In addition, this phenotype contributes to the risk of melanoma, Basal cell carcinoma and Squamous cell carcinoma, and the genes contribute to skin disease risks, in addition to skin phenotypes [13,14,15,16,17,18,19]. IRF4, MC1, and SLC45A2 were identified as significant loci associated with sensitive skin [12], and these genes are also associated with pigmentation [20], melanogenesis [21,22], and skin-related cancer [23]. Studies have shown that the EGFG, MMP16 and COL17A1 genes are associated with an increased risk of developing wrinkles, in addition to skin pore size [24]. An SNP located proximal to TGIF1 is related to sagging eyelids [25], and the STXBP5L locus is related to facial photoaging [26]. An SNP located upstream of the Patched-1 gene was identified as being related to stress-induced skin conditions and aging [27], and Myc interacts with skin hydration [28].

Skin undergoes decreases in moisture, elasticity, and luster due to aging and external factors, resulting in increased wrinkle depth and the hyperpigmentation of blemishes [29]. Previous studies have confirmed similar trends in age-specific skin phenotype measurements.
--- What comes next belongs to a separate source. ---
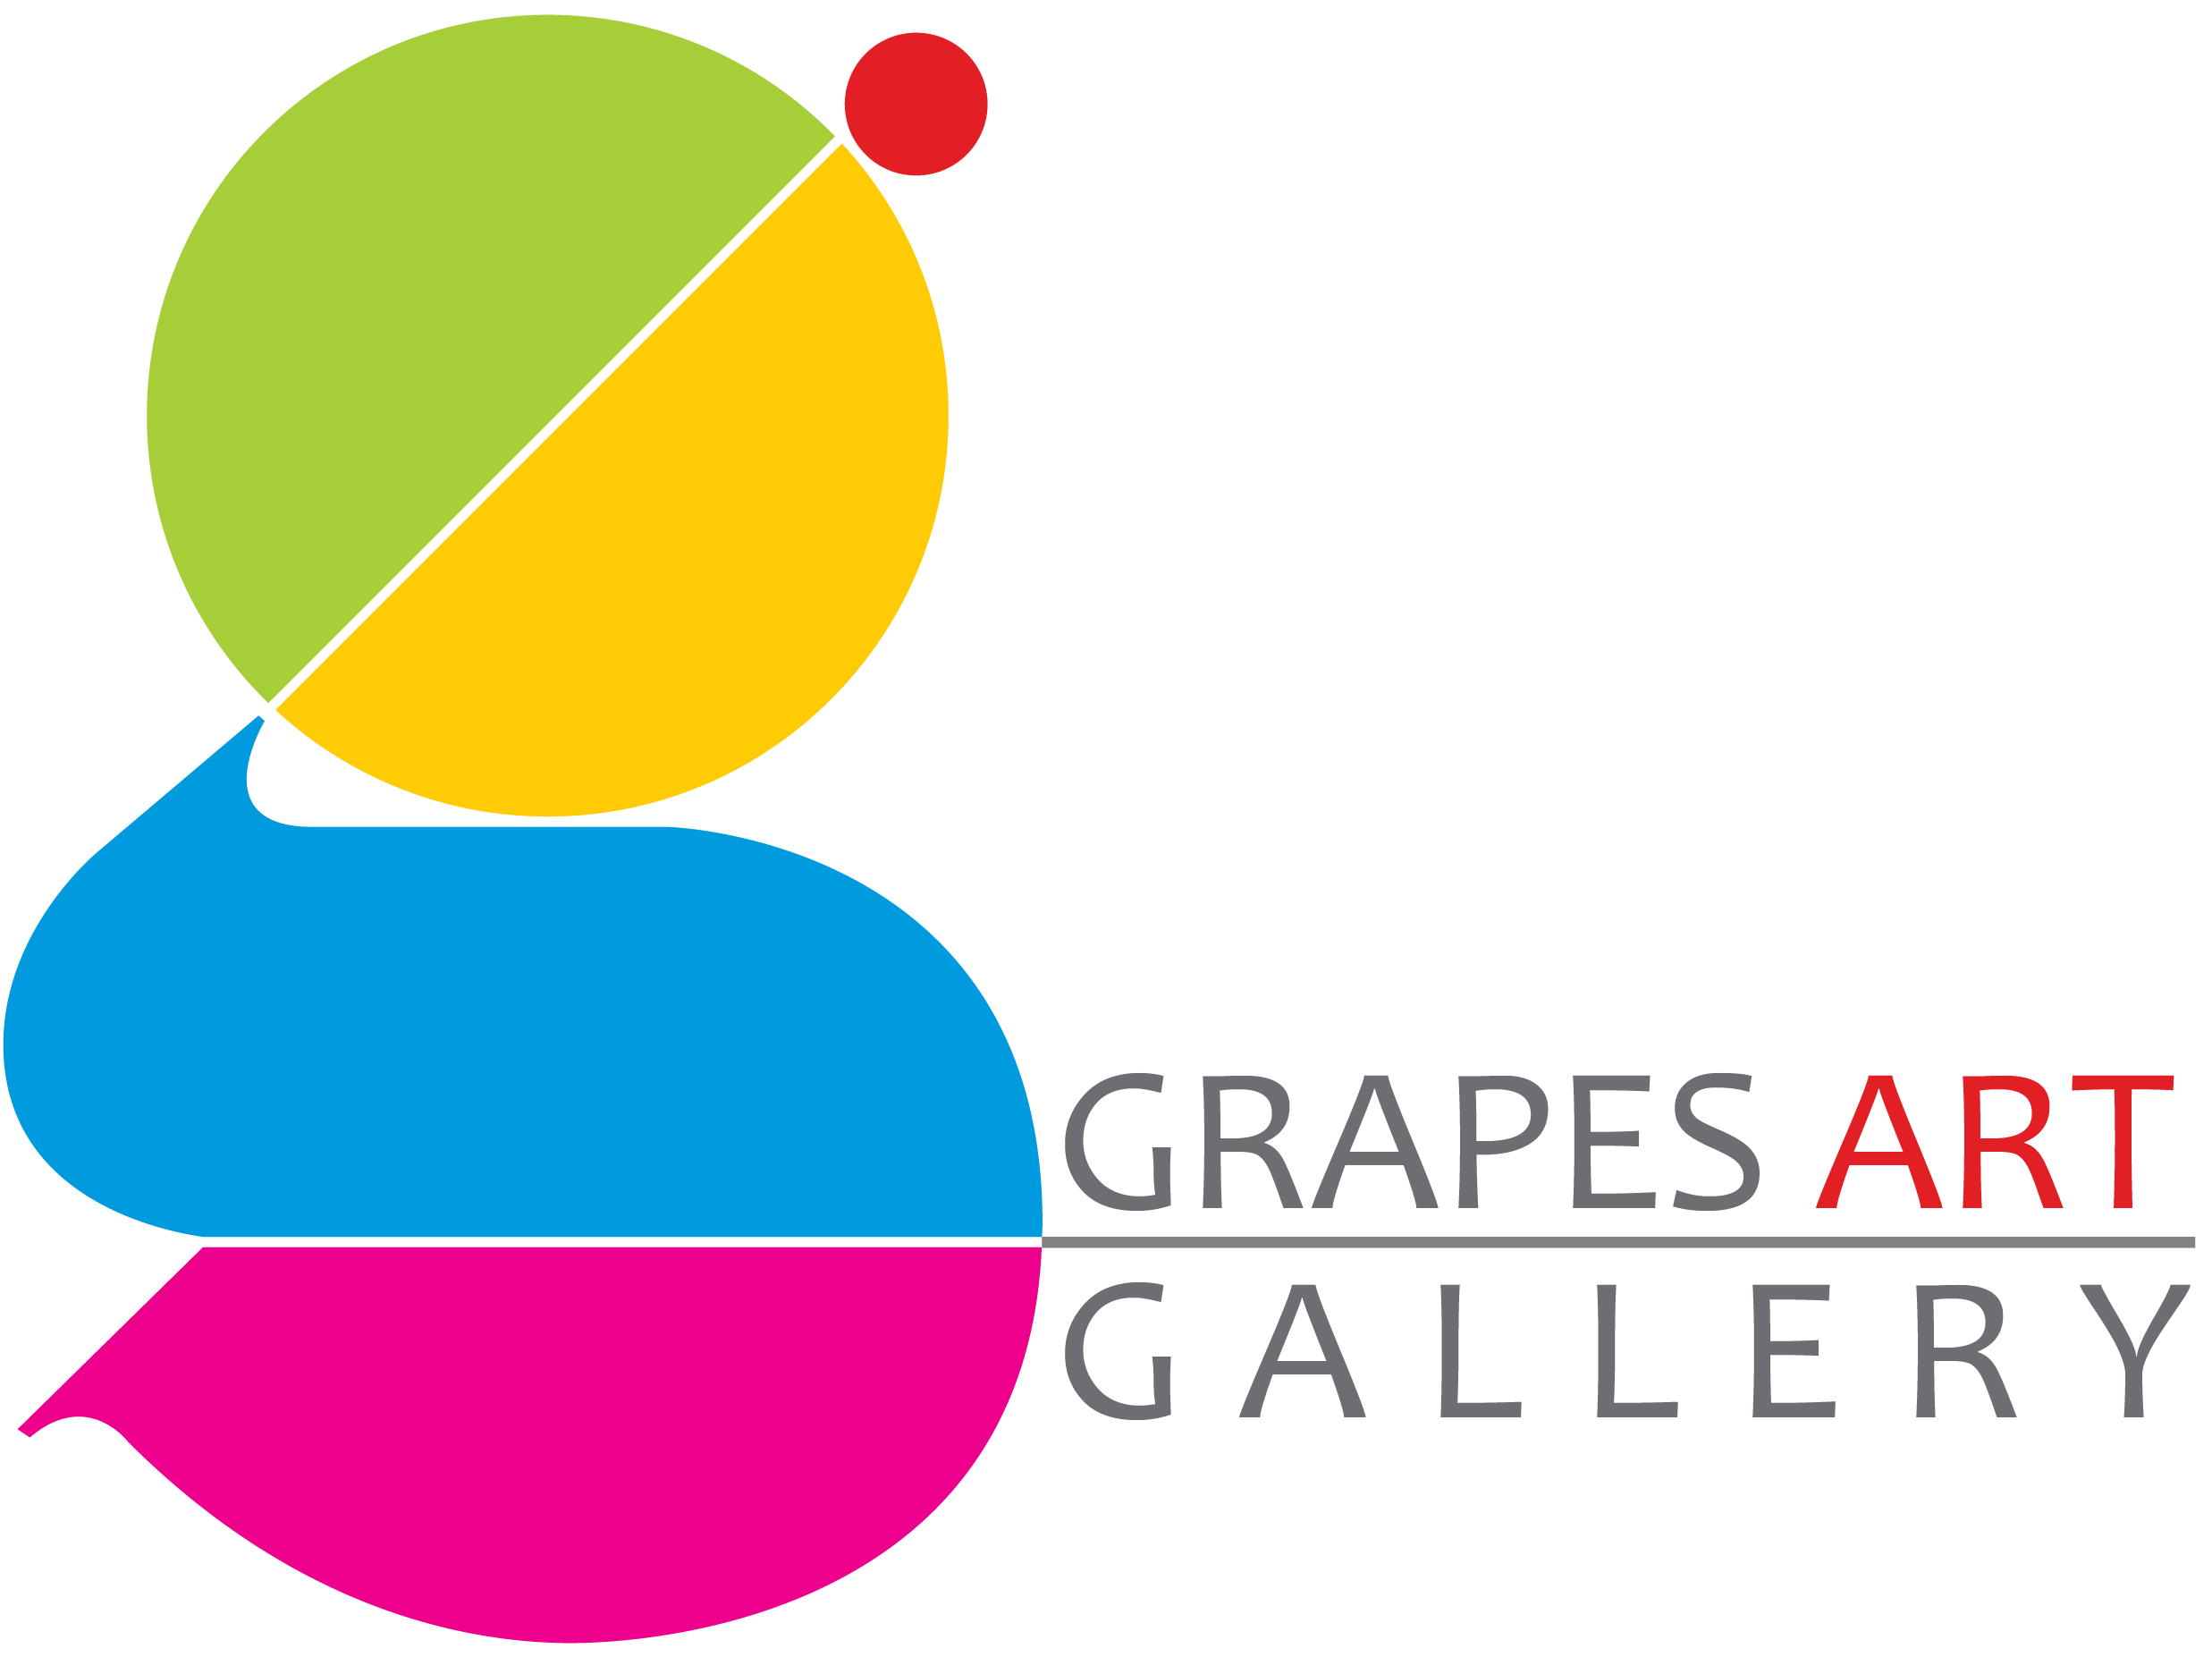 Grapes Art Gallery

In a previous study, age increased the measured value of wrinkles and slightly increased pigmentation. However, the measured values of moisture and oil contents decreased with age [30].

Environmental changes and personal life patterns are considered external factors for skin aging [31,32,33], and a genetic approach to skin aging is necessary to better understand individual skin characteristics. A recent study reported new genomic loci [34,35] related to pigmented facial spots in Koreans and identified SNPs associated with melanin, gloss, hydration, wrinkles, and elasticity [29]. However, few studies have investigated the genetic basis of skin phenotypes among Koreans.

This research team previously performed GWASs of skin characteristics among 1079 Korean subjects and identified 23 genes related to skin characteristics [30]. Five cosmetic phenotypes (wrinkles, moisture content, pigmentation, oil content, and sensitivity) were evaluated. This GWAS identified SNPs in 23 genes for the five skin phenotypes, including two loci associated with both wrinkles and pigmentation (FCRL5 and OCA2), four wrinkle-related genes (FCRL5, REEP3, ADSS, and SPTLC1), five moisture-related genes (TBS4, TRPM3, CEMIP2, CTSH, and TTC39C), six pigmentation-related genes (OCA2, NCLN, TNS1, CDC42BPA, HS3ST4, and UNCX), five oil-related genes (SYN2, CNDP1, GAS6, INSR, and TNFRSF19), and the sensitivity-related gene CREB5. This present study aimed to determine whether these of 23 previously reported genes could be validated as significant genetic contributors in the new sample of 261 participants.

2. Materials & Methods

2.1. Participants

The sample population investigated in this study comprised 261 Korean women recruited between July 2021 and January 2022 at P&K Skin Research Center (Seoul, Korea). All recruited participants were women without skin-related diseases, and their average age was 45.10 years (Table 1). All participants provided written informed consent, and this study was approved by the Institutional Review Board of the Theragen Bio Institute (IRB No.: 20200052001-210616-GP-006-001).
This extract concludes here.